(no title)
tbalsam | 10 months ago
You don't need RL remotely for this usecase. Image resolution pyramids are pretty normal tho and handling them well/efficiently is the big thing. Using RL for this would be like trying to use graphene to make a computer screen because it's new and flashy and everyone's talking about it. RL is inherently very sample inefficient, and is there to approximate when you don't have certain defined informative components, which we do have in computer vision in spades. Crossentropy losses (and the like) are (generally, IME/IMO) what RL losses try to approximate, only on a much larger (and more poorly-defined) scale.

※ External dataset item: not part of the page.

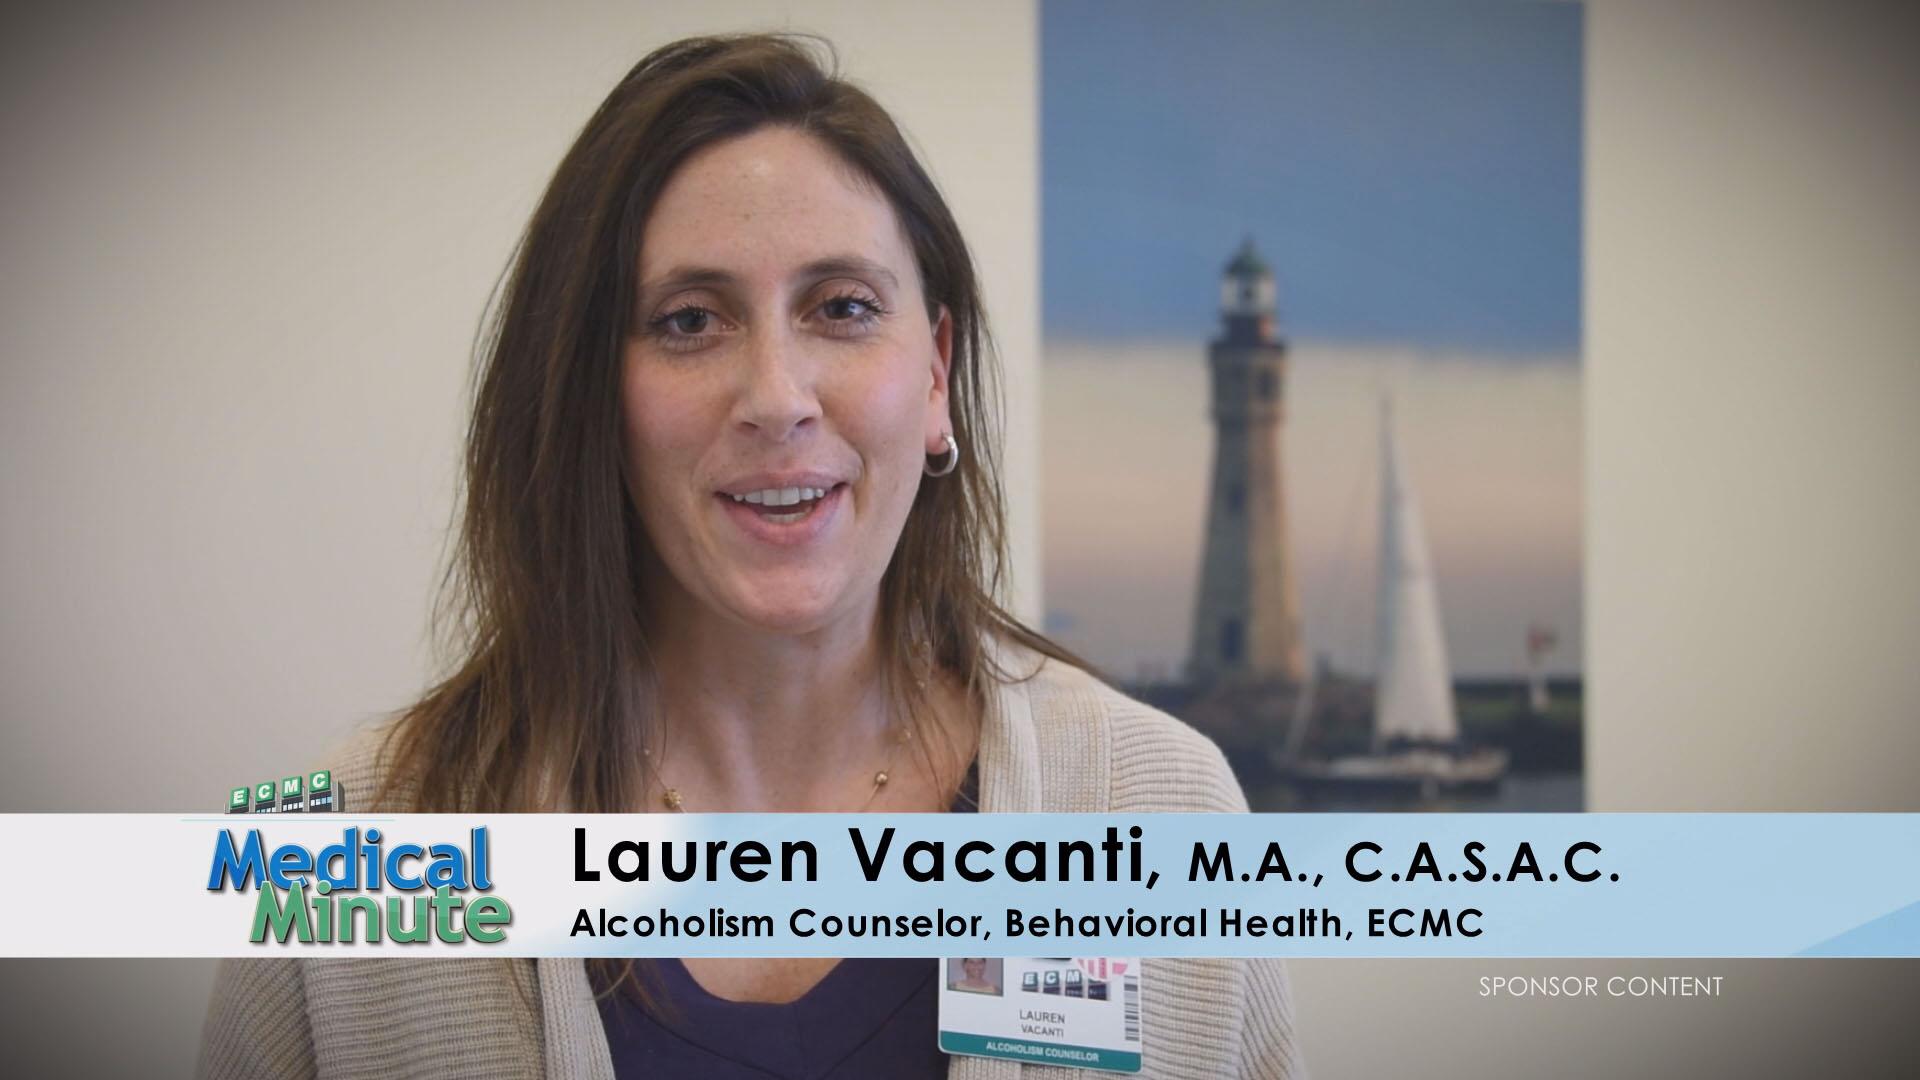 ECMC Medical Minute LaurenVacanti ChemicalDependency 053016 STILL

Please mark speculation as such -- I've seen people see confident statements like this and spend a lot of time/manhours on it (because it seems plausible). It is not a bad idea from a creativity standpoint, but practically is most certainly not the way to go about it.
(That being said, you can try for dynamic sparsity stuff, it has some painful tradeoffs that generally don't scale but no way in Illinois do you need RL for that)
hedgehog|10 months ago
tbalsam|10 months ago
Modern SSD/YOLO-style detectors use efficient feature pyramids, you need that to know where to propose where things are in the image.
This sounds a lot like going back to the old school object detection techniques which end up being more inefficient in general, generally very compute inefficient.